I wish I were a nude mouse!
 
Hello!

  If only I were a nude mouse I wouldn’t expect anyone to listen to what I had to say about my various symptoms. If only I were a nude mouse I wouldn’t have to engage the symptoms of dementia, except when it came time for me to remember not to get shocked, or which lever to push to eat!
 
  However,  I’m not a nude mouse! I’m a whole person!

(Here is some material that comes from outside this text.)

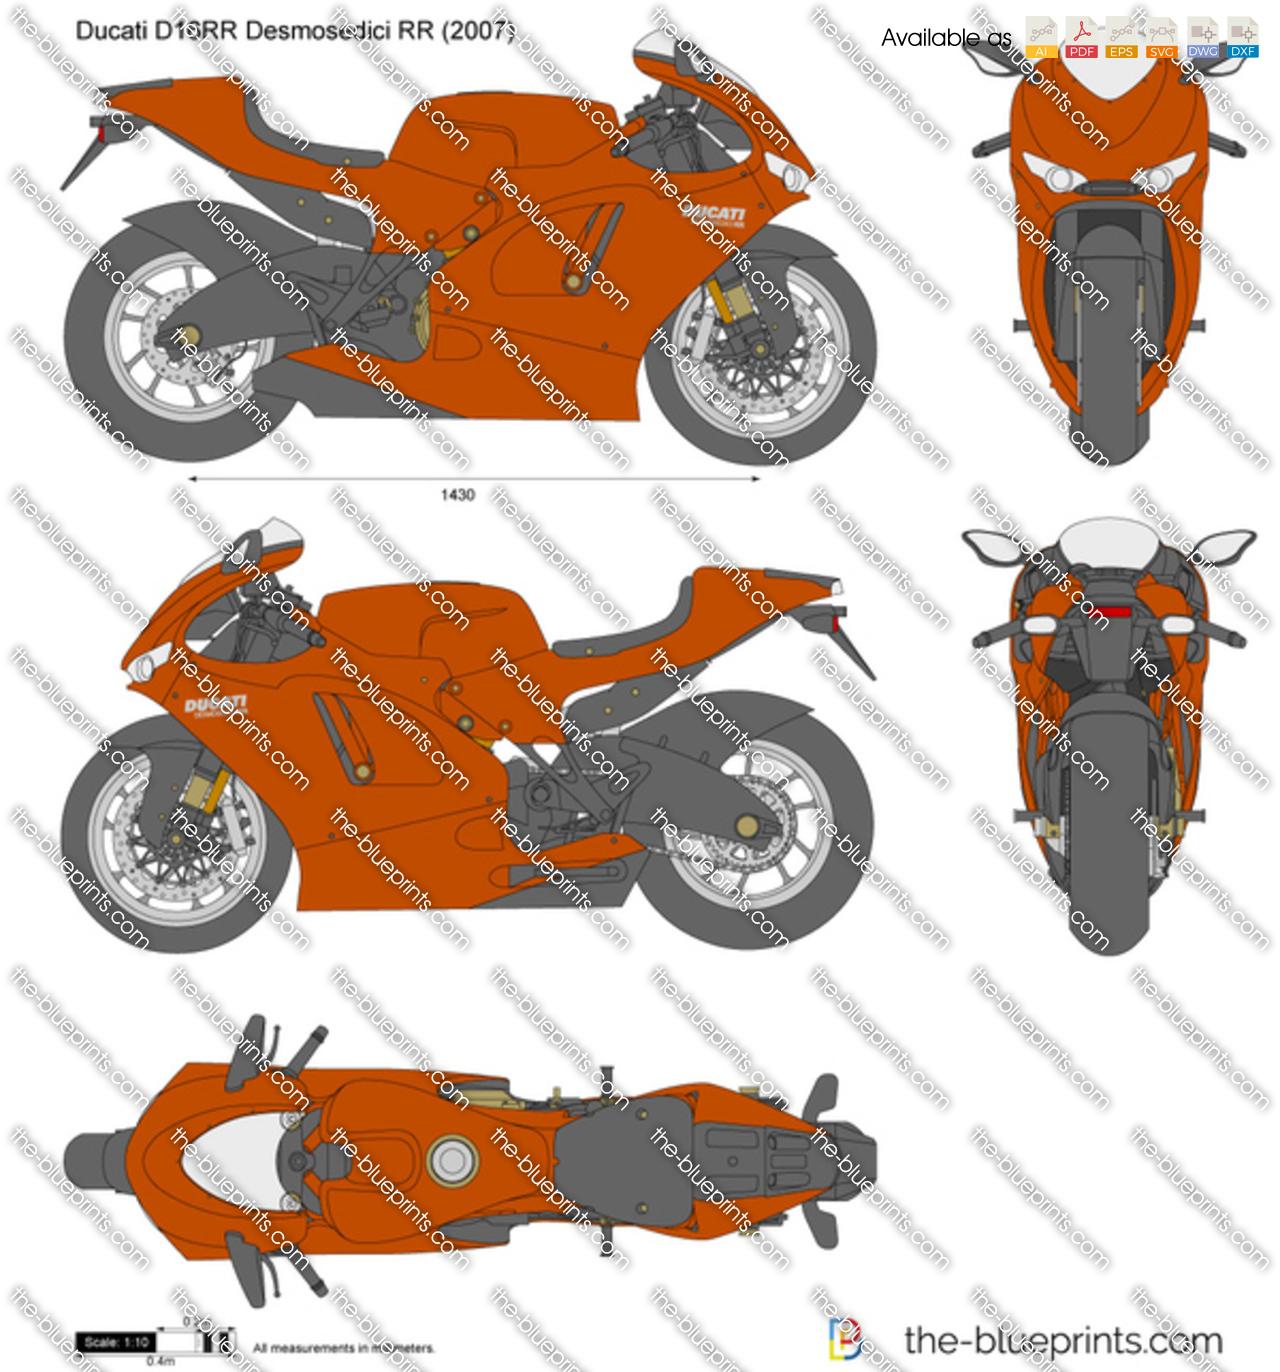 Ducati D16RR Desmosedici RR

  With the recent demise of the second in what was hyped to be a pipeline full of new approaches to delay the as yet to be chronicled progress of dementia I’m even more pumped-up about the disproportional attention being paid by the Alzheimer’s Study group to psycho social research (Newt Gingrich and Sandra Day O’Connor, et. al). There seems little interest in including a BIG chunk of ear marked money for psycho social research in the new “National Strategy.”

  Would you please offer your .02 cents worth of what the National Strategy for Congress should be/include/fund? And send it to contact@alzstudygrop.org.

Richard
1,001 ways to take a shower and perhaps have lots of fun doing it!
Hello!
 
  A friend of mine is having increasing difficulty getting her loved one to take a shower (I think he is in the mid stages of dementia). Without getting into a deep (and useless) psychological investigation of his early years, I have been asking friends of mine who are living with dementia for ideas on how to enable people with dementia to take their own showers, assisted as needed by a caregivers.
 
  Here are some of our best ideas. Remember these all came from people who are living with the symptoms of dementia:
 
  Arrange for him take a shower while seated on a familiar and chair?  So what if over time the chair gets ruined? Does it really matter?

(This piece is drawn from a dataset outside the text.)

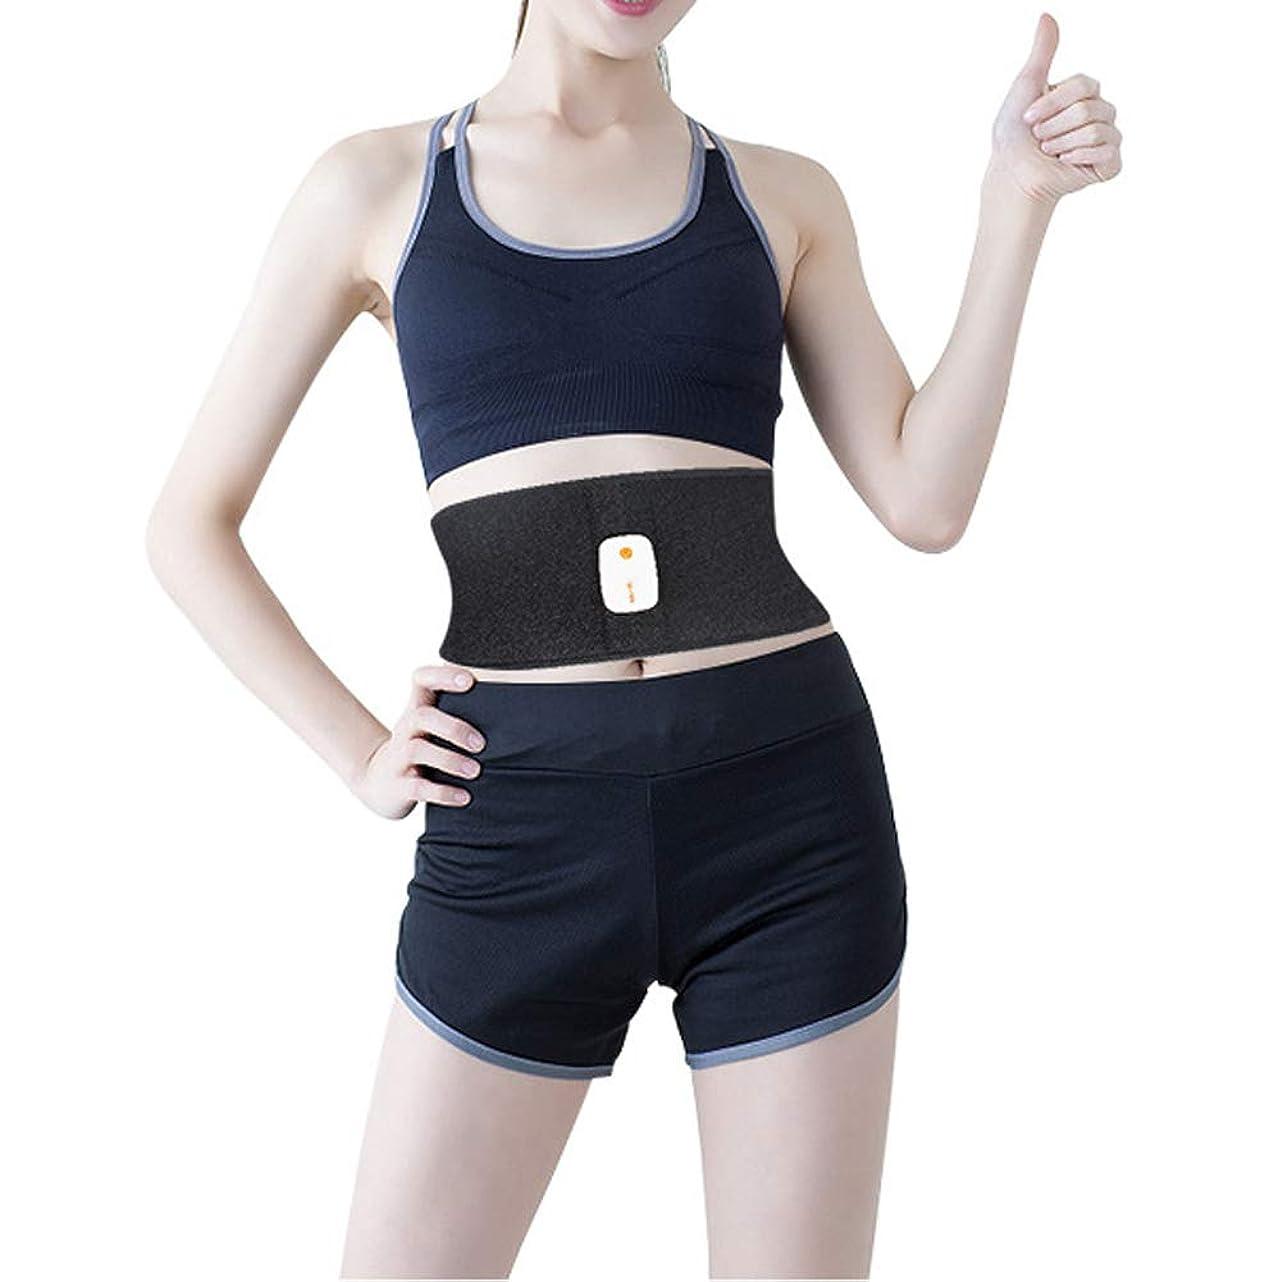 虎アーティファクト近似減量ベルト-ウエストマッサージャーUSB充電減量腹部トレーナー脂肪燃焼薄い腹部

 Encourage him to wear his underwear? If you are helping him you wear yours too.

Ask if he wants to wear his shoes?
  
 Start off with a quick rinse, and work up to a full shower.

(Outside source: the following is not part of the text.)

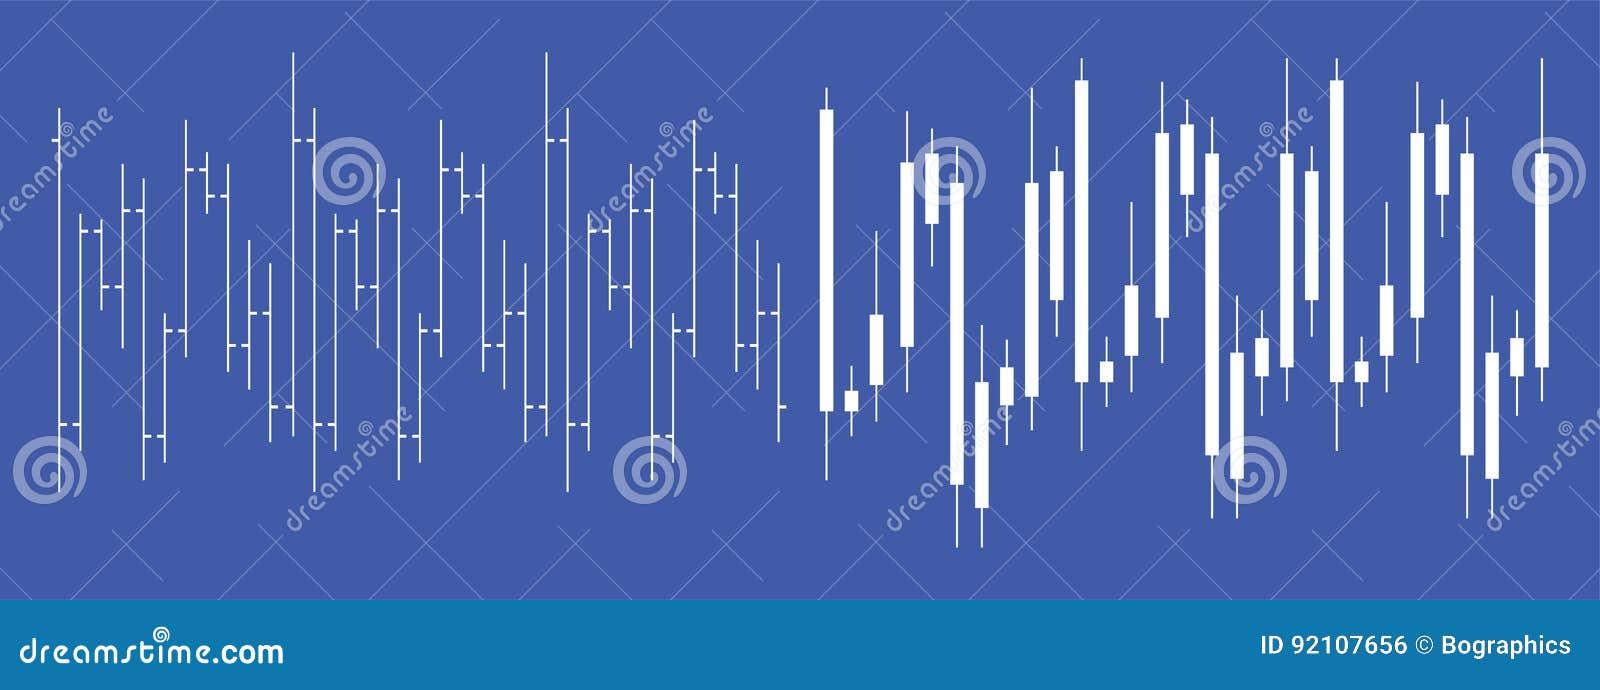 Börse Devisenkerzenständerdiagramm

 Take a cane or walker into the shower, even if he really doesn’t use it all the time?

 Put up railings in the shower if it will make you feel safer taking a shower with him.

 Ask him to wash you! Tell him you need help showering, too!

Sing in the shower, either to him or with him?

Play favorite songs or music before you get into the shower.
 
Initiate some form(s) of intimate contact in the shower (that was the most polite way I could come up with for an idea many, many people suggested and probably hoped for in their own showers).

Make up a game about how fast he can shower and time him?

Prepare and eat a snack he likes or drinking something he enjoys while in the shower?

Watching TV or listening to a favorite piece of music while in the shower?

Video tape the two of you taking a shower and show it to him?
 
  I am not the shower expert, these are just some ideas to distract him from whatever it is he fears. My general impression is carers are too focused on us showering-sometimes every day! If it is a medical necessity - we need to wash off fluids and substances we have involuntarily passed - and you cannot do it with a sponge bath in bed, then I guess immediate showers are a necessity. Otherwise - let’s all try to make them more fun and less functional.
 
Richard
 
Take care of first things first-apply for long term care insurance!
 
Hello!
 
  If you suspect, smell, think and/or worry about if you might have the early signs of dementia, mild cognitive decline, Alzheimer’s - and you want a doctor to confirm or deny your suspicions because you hope some doctor or researcher might be able to delay, and/or cure you suspicion -  please consider first applying for long term care insurance before you go to the doctor. Begin this process at least a couple of months before you go to the doctor, so you can apply for three or four long term insurance polices and complete the application process before you go to the doctor. You will probably be rejected by some of them and they won’t tell you why so apply for a bunch of them and then you decide which one(s) you want to accept.
 
  Insurance is a bet. You bet you might get something and need a certain type of insurance. They bet you won’t get it and will just get to keep your premium. Most long term care applications ask if you have ever been told by a physician you have dementia? If you have ever taken any medication for Alzheimer’s or dementia? Just the word “dementia” can be a reason for you to be rejected for this insurance. Just a musing on your chart by your doctor “check to see if he/she may or or may not have some form of dementia” is a reason to scare most all long term care insurers away from you.
 
  In reality they are in business to insure against things that won’t happen, or if they do,  they won’t qualify under your policy. This is not a savings plan for you, this is a profit plan for them. They have figured out ways to insure themselves against the very risks they claim they are protecting you from. They sometimes require that you not be covered for something for which you bought the insurance in the first place.
 
  This is not legal advice. Don’t seek to defraud your prospective insurance agent. However, realize realize they made up the rules. Follow the rules, but wait until you are good and most important ready.
 
Richard
Wyeth & Elan:hope grows for Alzheimer’s treatment — This is how it happens - -The Hype, the Hope, the Reality
 This is how the hype, the dreams, the exaggerations, and the half-truths that savage the minds of caregivers who harbor one percent or more the hope their loved one can be cured of the disease begin. What follows is an actual news release/report on a major new drug study. Note I am neither a pharmacist nor a physician; these are just my own reactions. Take them with a couple of Advil or grains of salt and take a nap after you read this.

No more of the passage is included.